Vagueness in referring expressions causes up to 36.9 percent drops in success rates for LLM-based robot task planners.

A machine-rendered reading of the paper's core claim, the machinery that carries it, and where it could break.

This paper shows that vague referring expressions in human instructions substantially impair large language model based robot task planning. It introduces REI-Bench as the first benchmark to model such vagueness using pragmatic theory and measures the resulting performance degradation. The work finds that success rates fall by as much as 36.9 percent, with most failures caused by planners missing the intended objects. It then presents task-oriented context cognition, a method that converts vague inputs into explicit instructions and outperforms aware prompts, chain-of-thought reasoning, and in-context learning. The findings matter because non-expert users such as the elderly and children routinely produce these vague expressions, and resolving them is necessary for practical robot deployment in homes.

Core claim

The central claim is that vagueness arising from referring expressions in human instructions severely impairs robot task planning by large language models, with performance drops reaching 36.9 percent, mainly from failures to locate the referenced objects. REI-Bench systematically incorporates such vagueness based on pragmatic principles, and task-oriented context cognition resolves it by producing explicit instructions that achieve the best results among tested methods.

What carries the argument

task-oriented context cognition, which generates clear instructions for robots by incorporating task-oriented and environmental context to resolve vagueness in referring expressions

If this is right

Robot task planners must incorporate mechanisms to handle vague referring expressions to reach reliable real-world performance.
Task-oriented context cognition provides a simple mitigation that surpasses aware prompts, chains of thought, and in-context learning.
Most planning failures trace to missing objects, so future systems should prioritize explicit object identification when context is ambiguous.
Benchmarks for embodied agents should include modeled vagueness to reflect the instructions actually produced by elderly and child users.

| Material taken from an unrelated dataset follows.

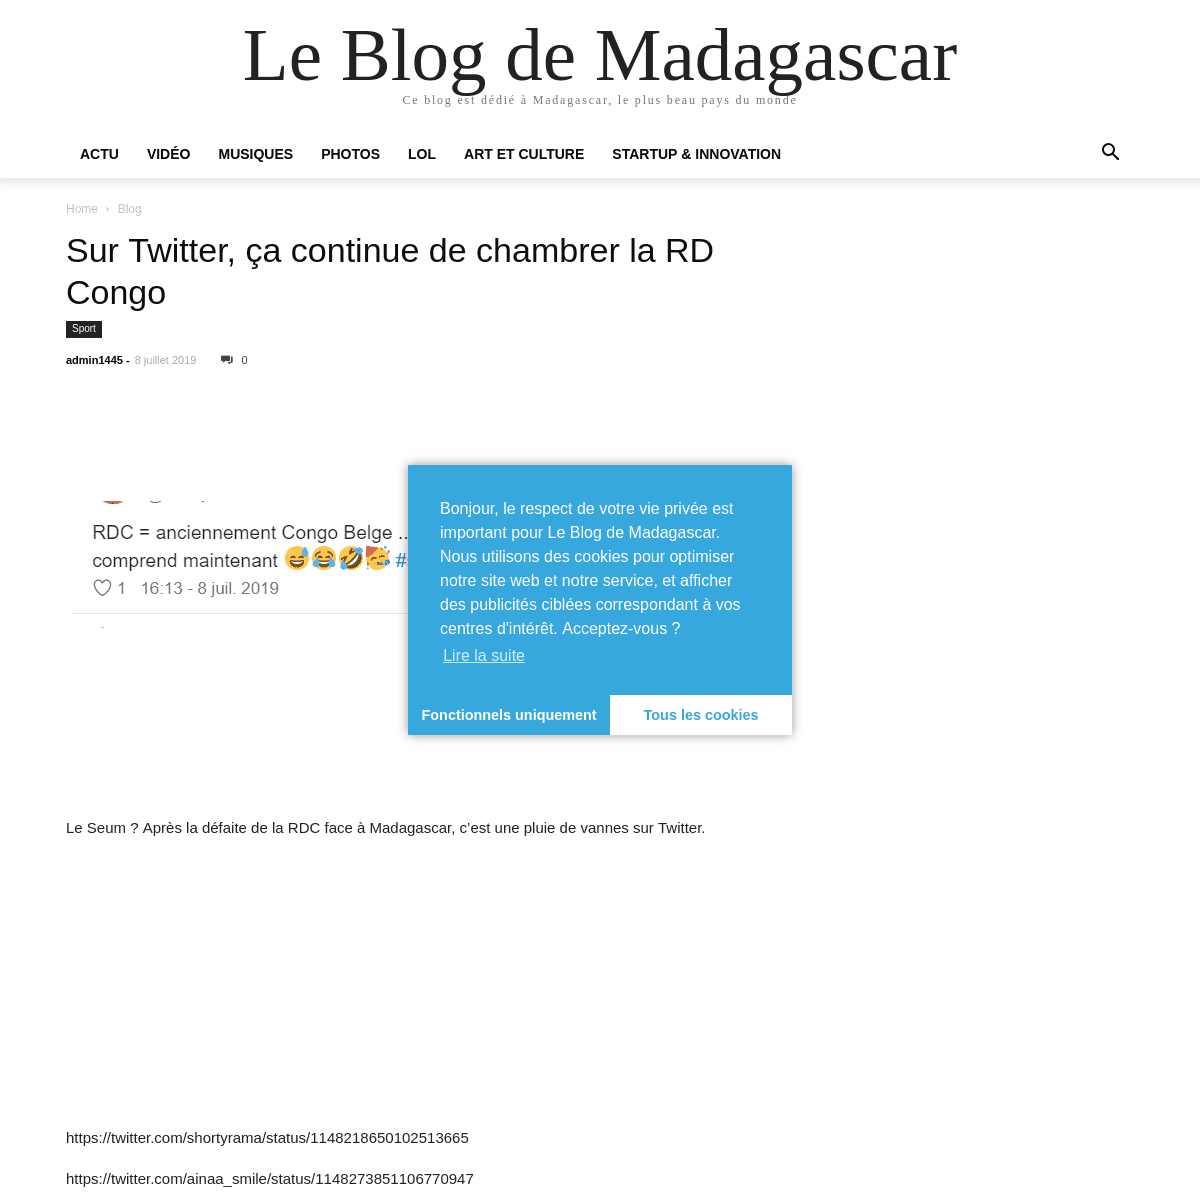 A complete backup of blogdemadagascar.com

Where Pith is reading between the lines

These are editorial extensions of the paper, not claims the author makes directly.

Planners could integrate real-time scene perception to resolve referring expressions without separate clarification steps.
The benchmark could be extended to multi-turn conversations where vagueness builds across exchanges.
Similar vagueness problems likely affect other instruction-following domains such as robot navigation or manipulation commands.

Load-bearing premise

The benchmark's modeling of vague referring expressions, grounded in pragmatic theory, accurately captures the distribution and impact of real-world vagueness that non-expert users produce when giving instructions to robots.

What would settle it

Running task-oriented context cognition on REI-Bench and checking whether the observed success-rate drop of up to 36.9 percent is eliminated or greatly reduced compared with baseline planners that receive the original vague instructions.

Figures

Figures reproduced from arXiv: 2505.10872 by Chenxi Jiang, Chuhao Zhou, Jianfei Yang.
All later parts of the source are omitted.